### DATA SEGMENT:
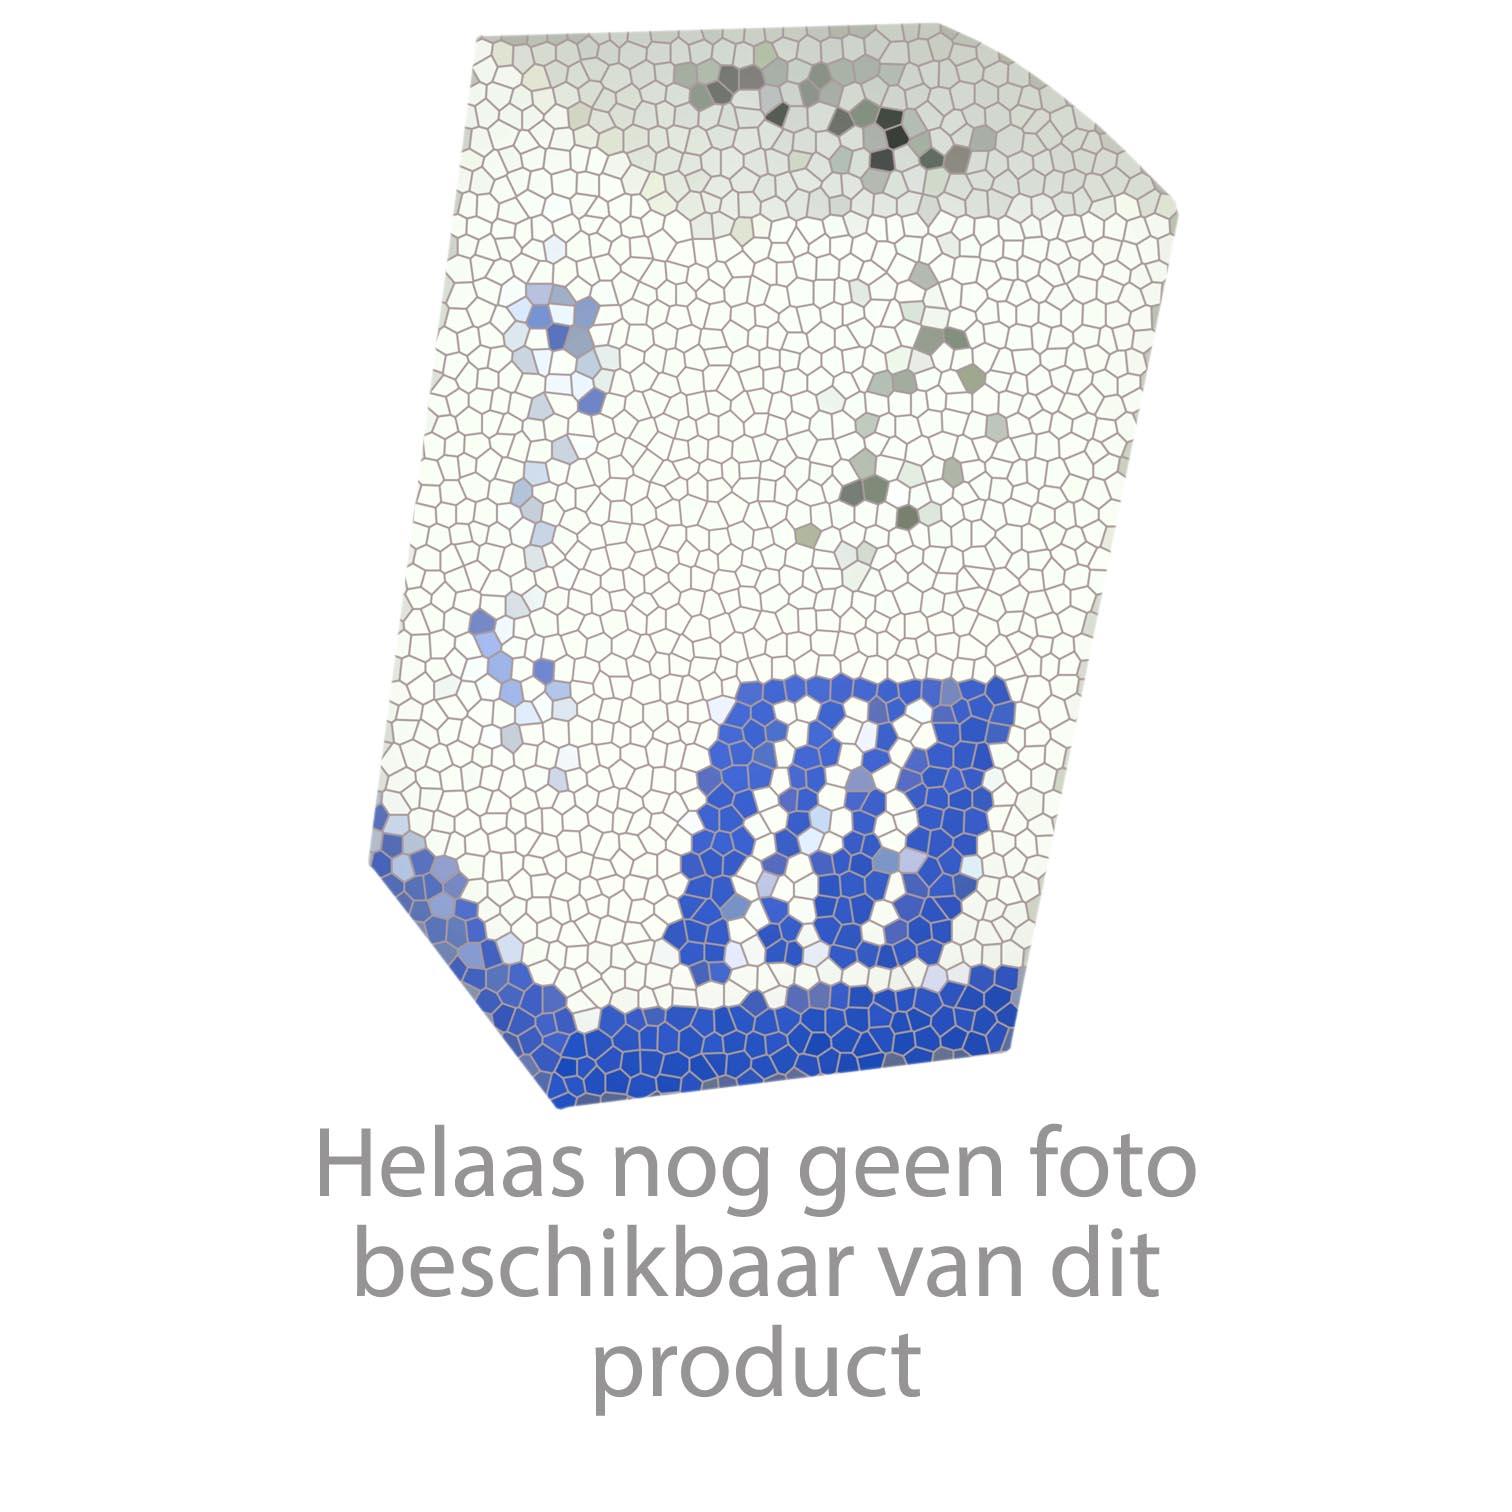 HansGrohe Keukenmengkranen Allegra Linea (Metropol) / Allegra Solida (Metris) productiejaar 02/96 - 12/01 31800000 onderdelen
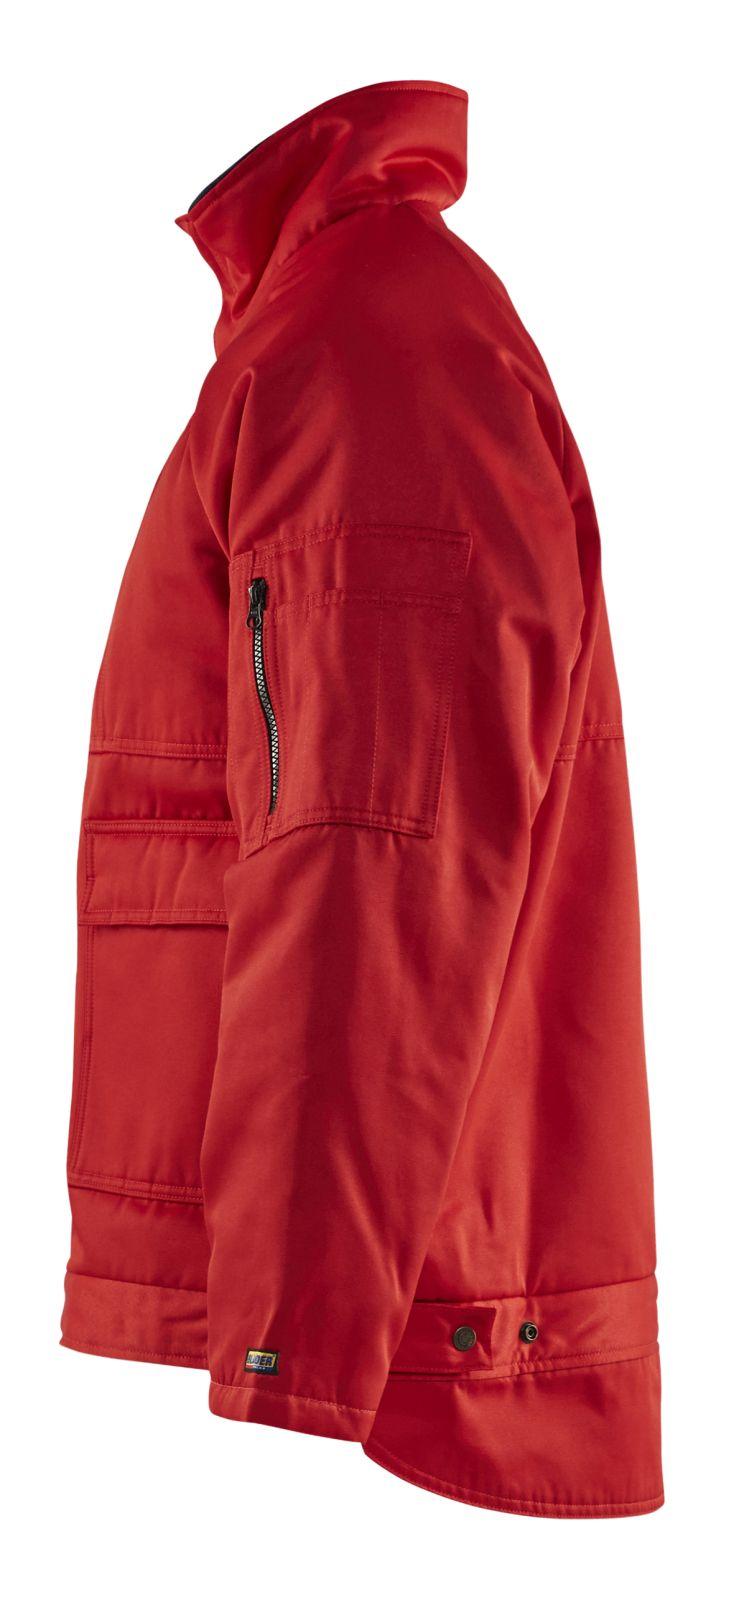 Blaklader Jassen 48001900 rood(5600)
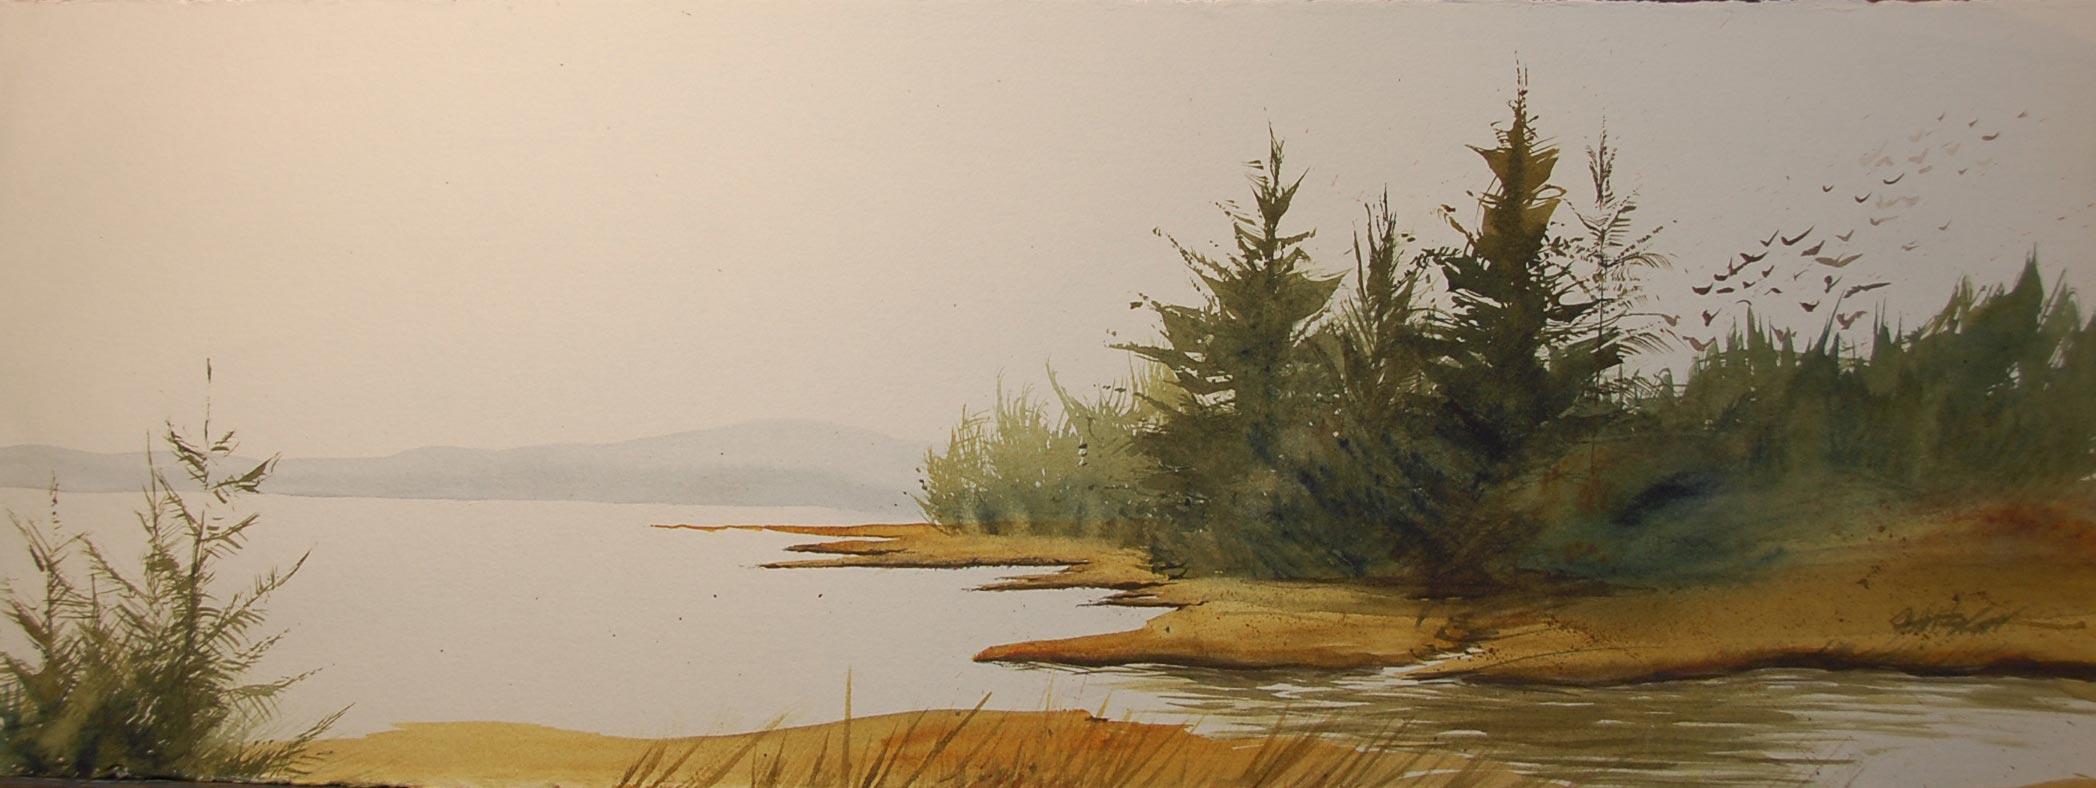 Quiet estuary

### TASK DETAILS:
Pictures must be left out. Return verbatim only the lines from the line with "Blaklader Jassen 48001900 rood(5600)" through the final line of the material above, including both ends.

### SOLUTION BELOW:
 Blaklader Jassen 48001900 rood(5600)
 Quiet estuary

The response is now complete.